=== WHAT YOU HAVE TO DO ===
All that should come back is the lines of the data below from the one containing "Three Burmese silver" to the one containing "It is really", inclusive, exactly as they stand.

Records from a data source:
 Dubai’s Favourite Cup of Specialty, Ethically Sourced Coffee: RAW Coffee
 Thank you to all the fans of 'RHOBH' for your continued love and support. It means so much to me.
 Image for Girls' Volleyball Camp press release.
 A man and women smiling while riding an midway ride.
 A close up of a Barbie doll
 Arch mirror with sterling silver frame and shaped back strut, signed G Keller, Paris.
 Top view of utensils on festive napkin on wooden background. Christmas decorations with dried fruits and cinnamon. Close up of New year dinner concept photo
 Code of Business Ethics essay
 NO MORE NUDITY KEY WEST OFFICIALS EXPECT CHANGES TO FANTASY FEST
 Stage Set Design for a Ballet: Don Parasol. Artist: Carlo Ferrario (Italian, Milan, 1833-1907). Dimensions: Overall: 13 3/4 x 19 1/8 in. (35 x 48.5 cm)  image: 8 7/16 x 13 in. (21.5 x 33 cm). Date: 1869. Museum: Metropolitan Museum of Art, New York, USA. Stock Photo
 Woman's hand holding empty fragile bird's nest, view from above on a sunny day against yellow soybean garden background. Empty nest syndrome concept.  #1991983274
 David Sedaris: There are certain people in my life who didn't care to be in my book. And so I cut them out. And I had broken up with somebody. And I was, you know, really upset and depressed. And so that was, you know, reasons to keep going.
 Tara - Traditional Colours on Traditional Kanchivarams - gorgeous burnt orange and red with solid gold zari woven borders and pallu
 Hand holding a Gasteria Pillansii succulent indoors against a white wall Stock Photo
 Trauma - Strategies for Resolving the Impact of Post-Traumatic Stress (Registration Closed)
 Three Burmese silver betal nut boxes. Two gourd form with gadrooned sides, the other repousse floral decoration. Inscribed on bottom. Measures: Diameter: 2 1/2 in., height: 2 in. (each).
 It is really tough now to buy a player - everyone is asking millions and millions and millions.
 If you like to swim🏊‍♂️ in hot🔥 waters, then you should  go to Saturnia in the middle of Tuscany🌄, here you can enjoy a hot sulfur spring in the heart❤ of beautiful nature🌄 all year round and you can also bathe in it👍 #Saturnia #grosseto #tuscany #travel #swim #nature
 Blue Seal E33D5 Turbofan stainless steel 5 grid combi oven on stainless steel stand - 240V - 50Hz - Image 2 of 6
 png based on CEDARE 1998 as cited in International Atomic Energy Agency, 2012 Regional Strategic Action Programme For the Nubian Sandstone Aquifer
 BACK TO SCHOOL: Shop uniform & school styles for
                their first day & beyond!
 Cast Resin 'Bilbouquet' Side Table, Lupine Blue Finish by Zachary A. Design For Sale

=== THE ANSWER ===
 Three Burmese silver betal nut boxes. Two gourd form with gadrooned sides, the other repousse floral decoration. Inscribed on bottom. Measures: Diameter: 2 1/2 in., height: 2 in. (each).
 It is really tough now to buy a player - everyone is asking millions and millions and millions.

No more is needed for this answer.